-- Problem to work on --
Below are records to repeat exactly. Omit the pictures from the copy.

-- Exercise input --
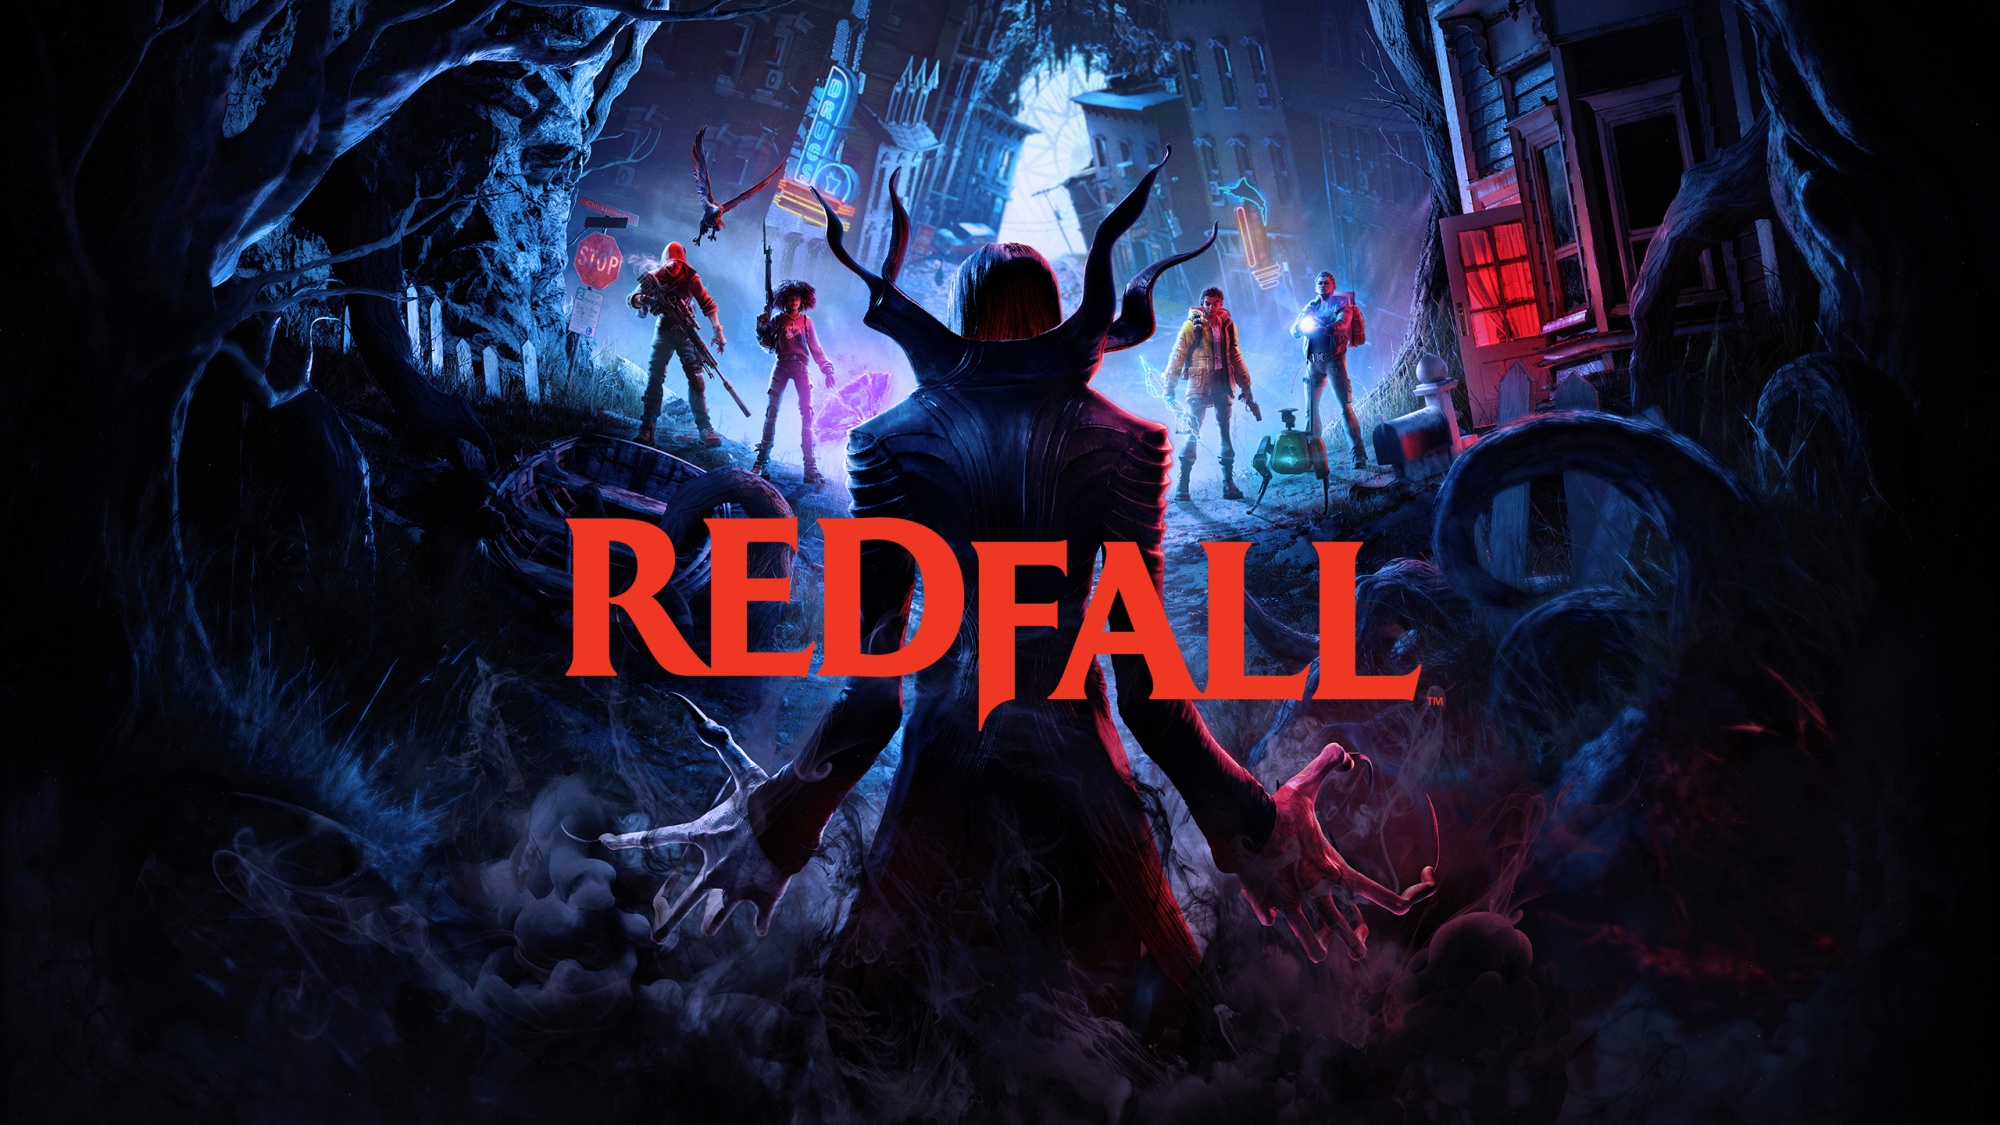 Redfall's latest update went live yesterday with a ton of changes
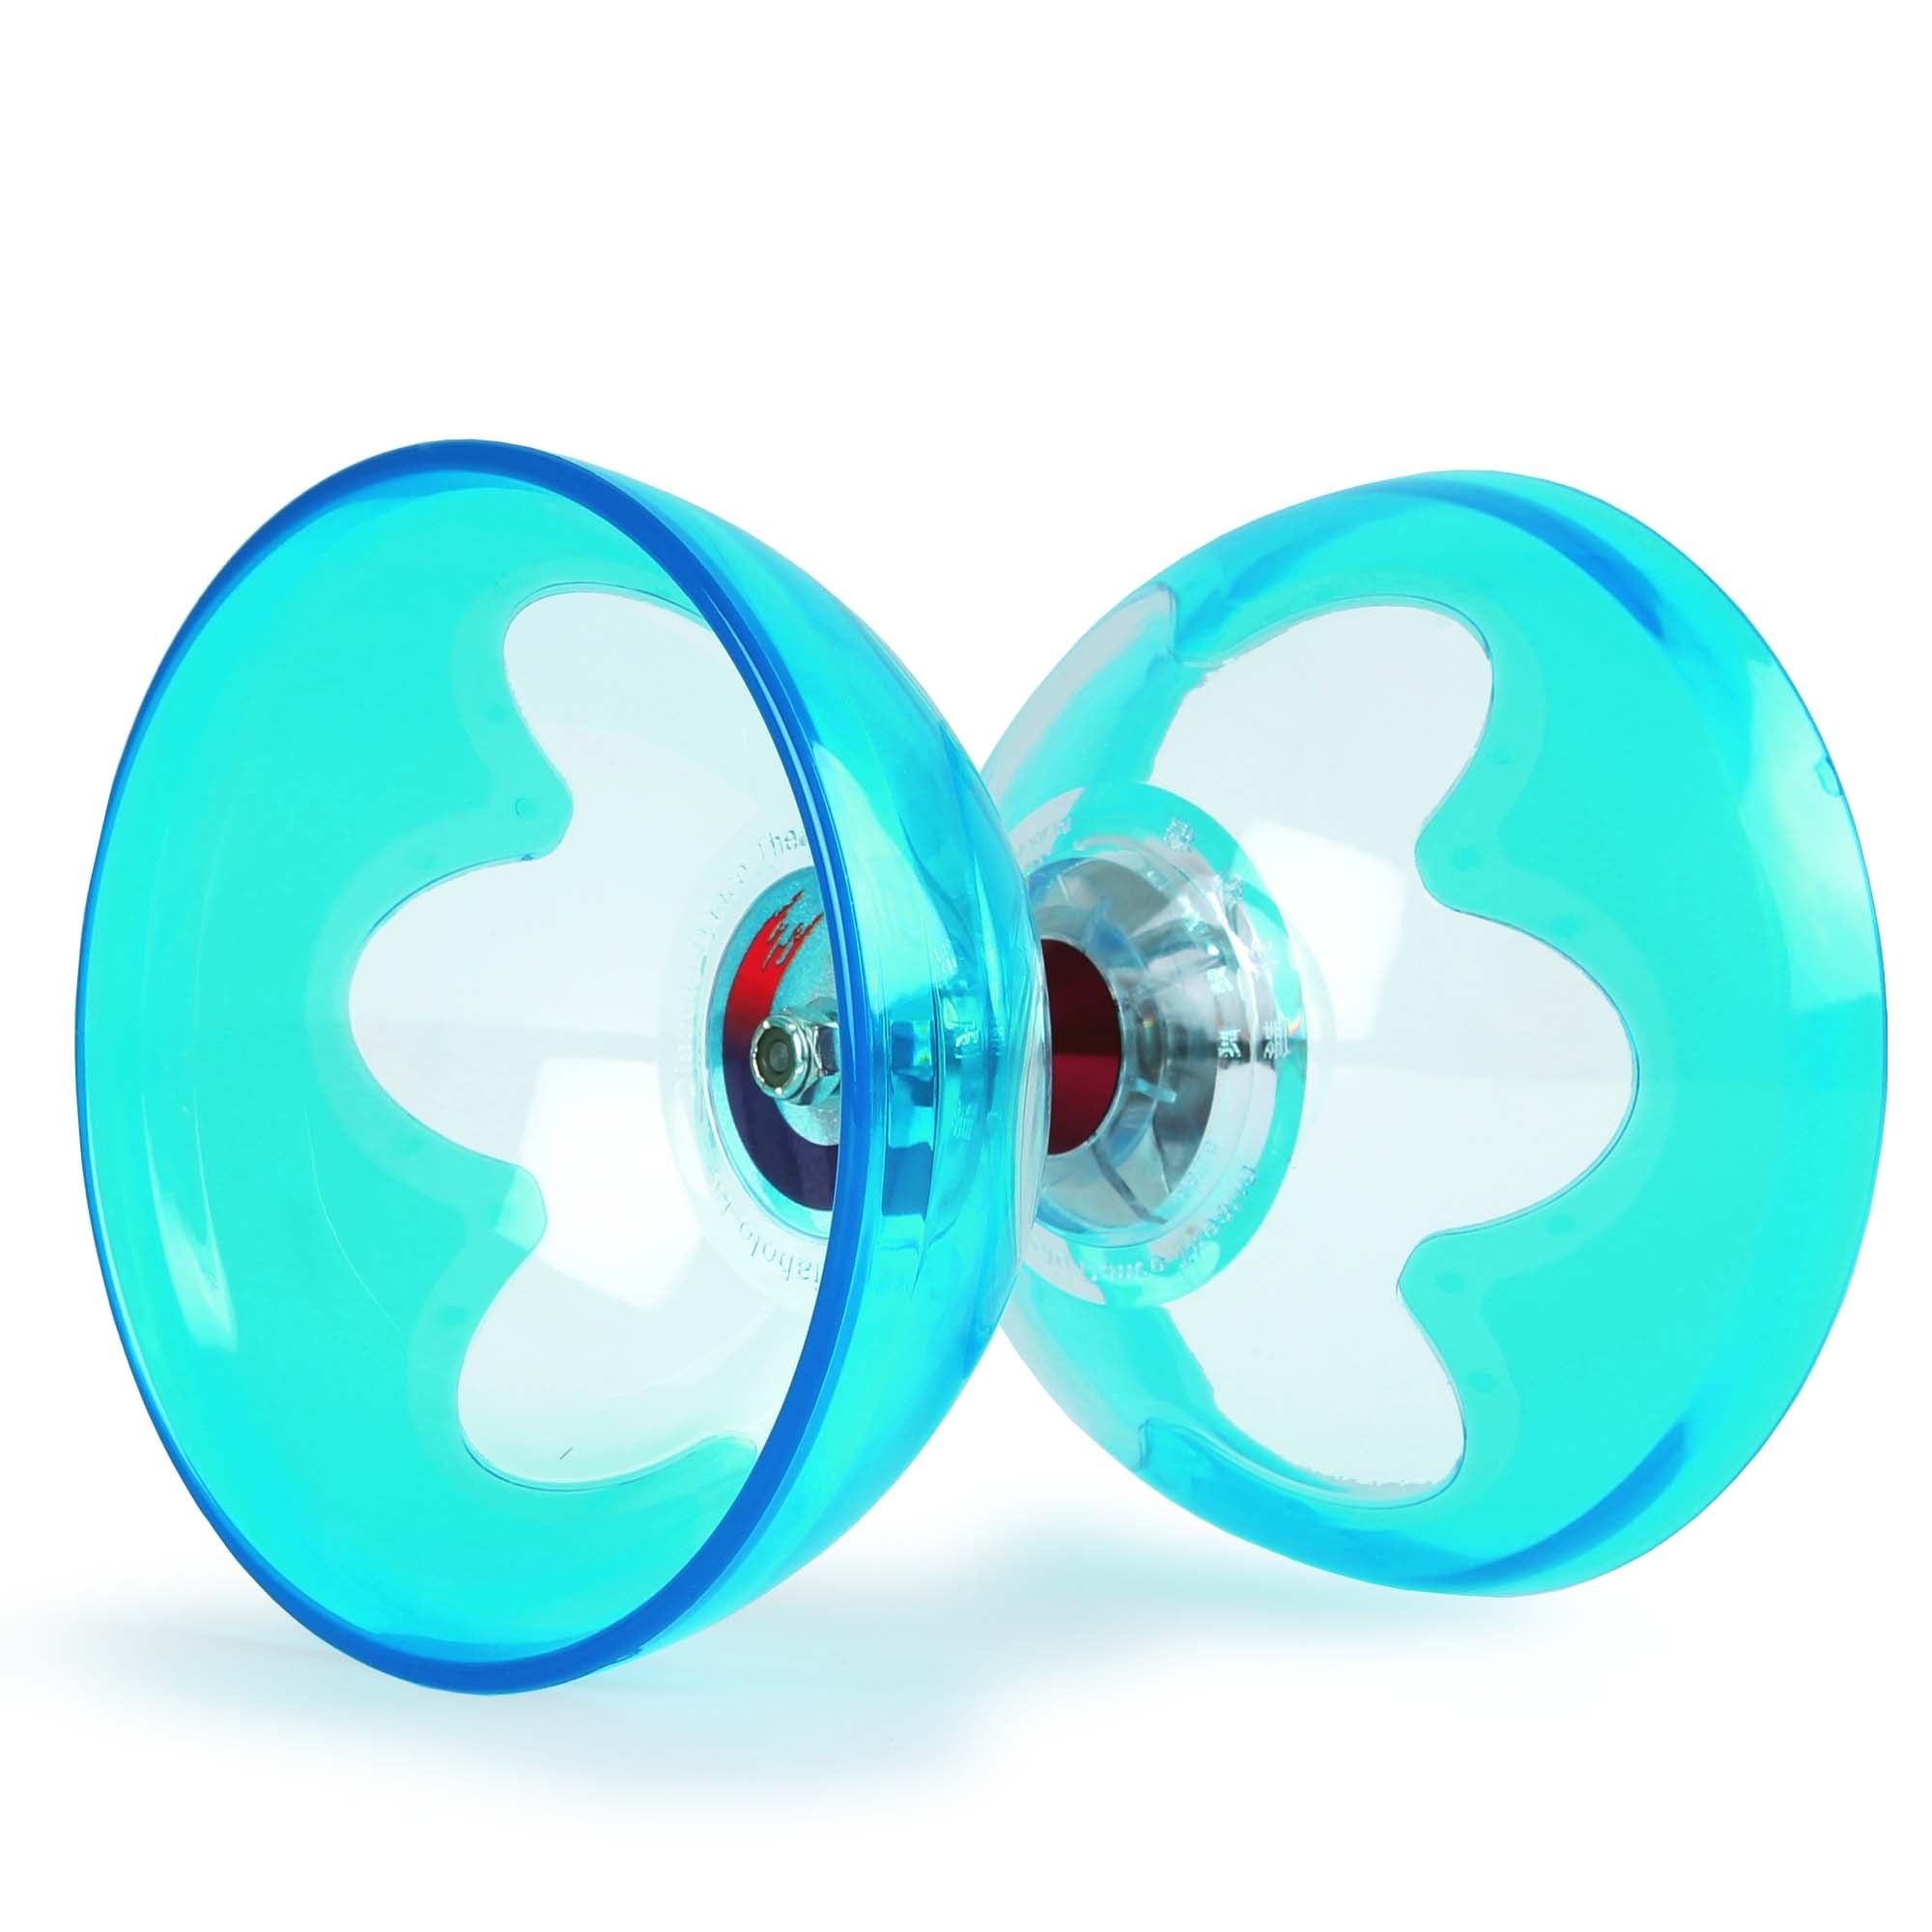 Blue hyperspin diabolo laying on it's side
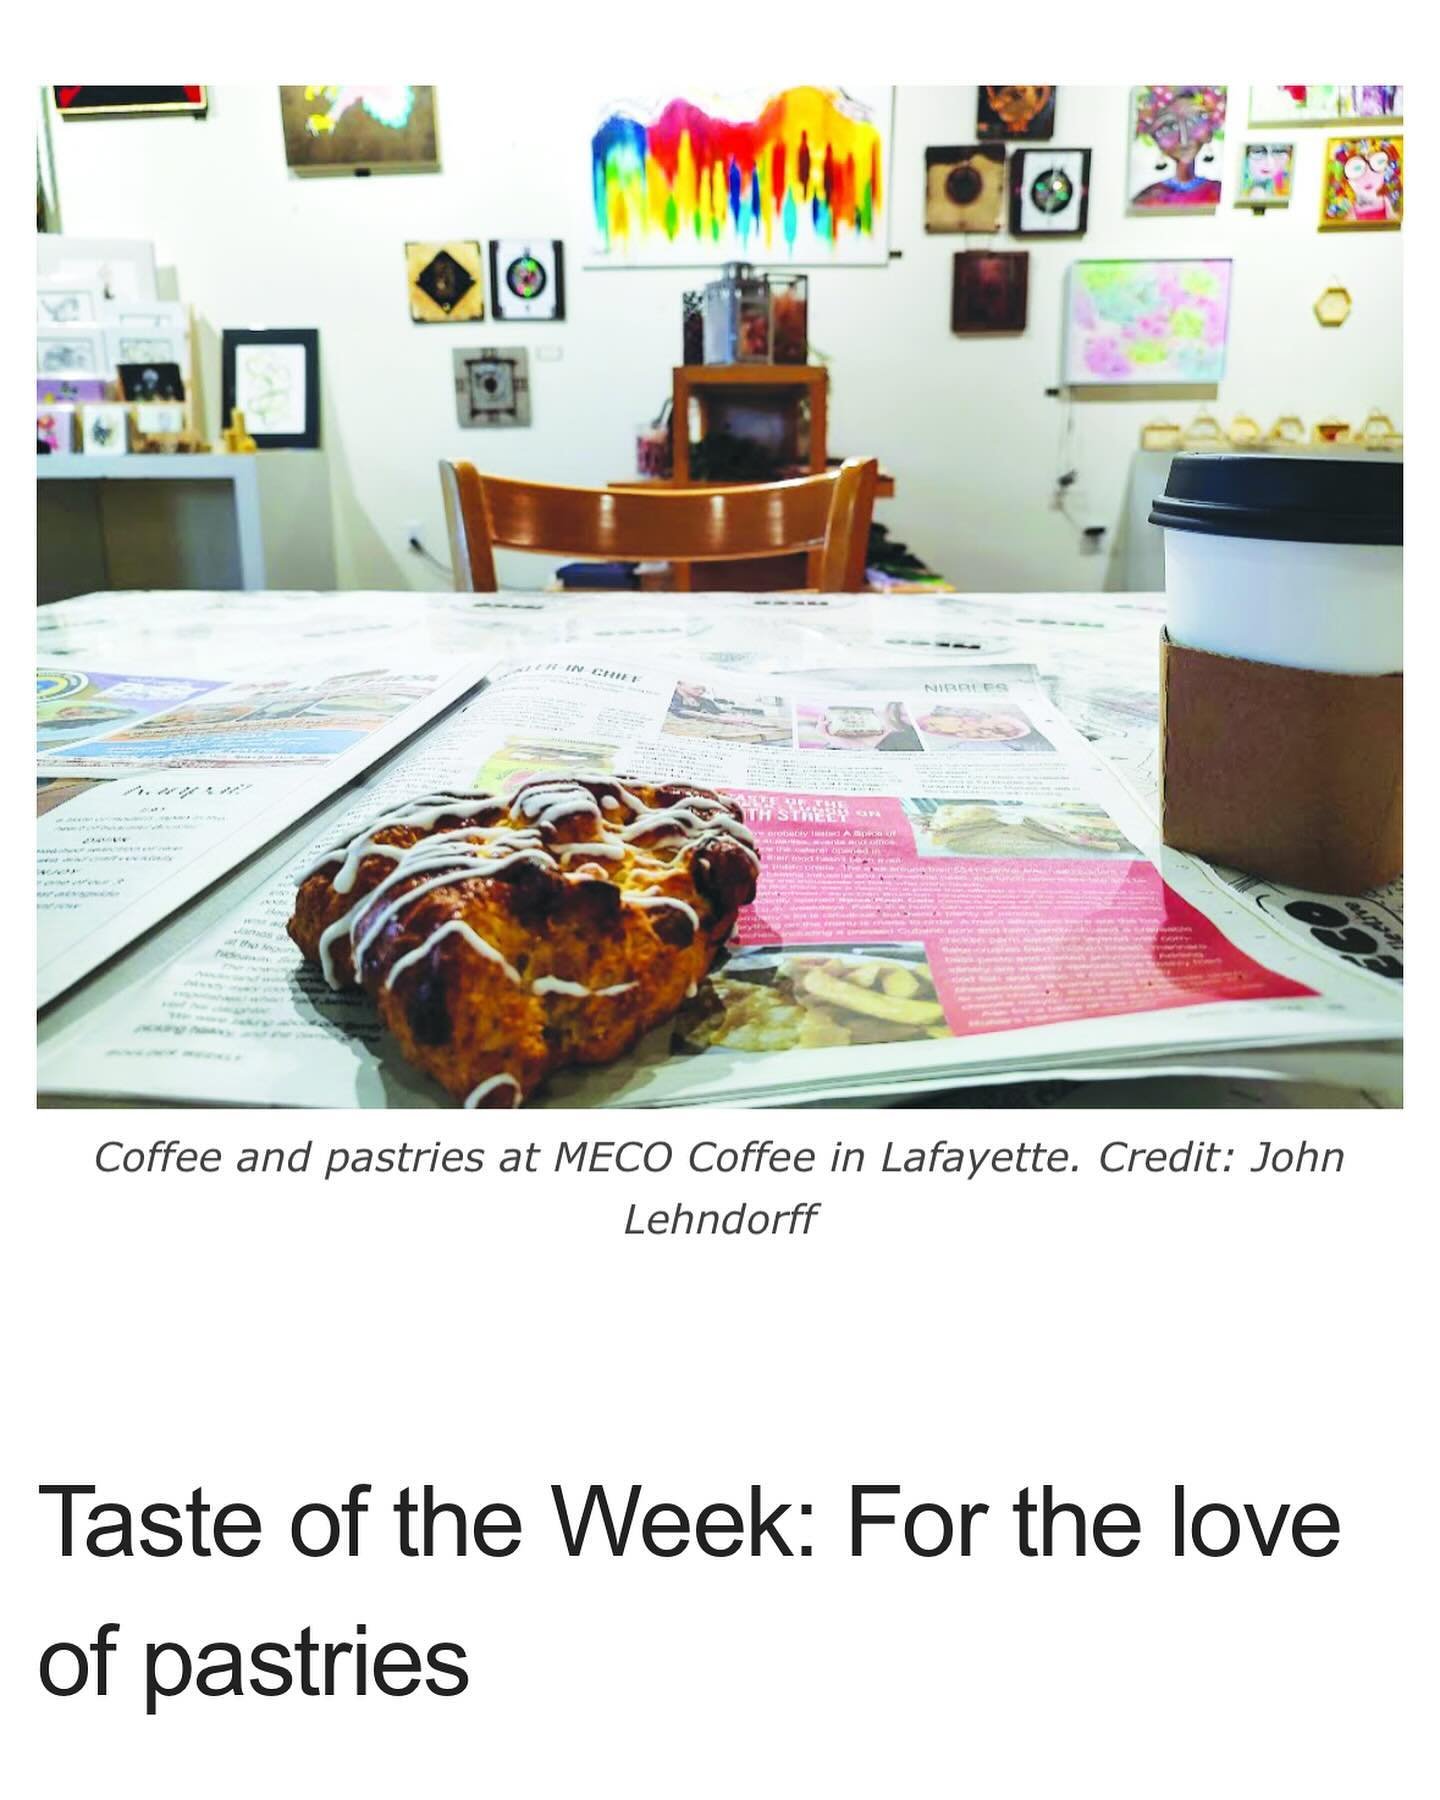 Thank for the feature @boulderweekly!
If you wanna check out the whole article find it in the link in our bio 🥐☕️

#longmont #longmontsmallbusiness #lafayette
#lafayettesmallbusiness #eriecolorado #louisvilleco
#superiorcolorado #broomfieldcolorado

-- Response to this task --
 Redfall's latest update went live yesterday with a ton of changes
 Blue hyperspin diabolo laying on it's side
 Thank for the feature @boulderweekly!
If you wanna check out the whole article find it in the link in our bio 🥐☕️

#longmont #longmontsmallbusiness #lafayette
#lafayettesmallbusiness #eriecolorado #louisvilleco
#superiorcolorado #broomfieldcolorado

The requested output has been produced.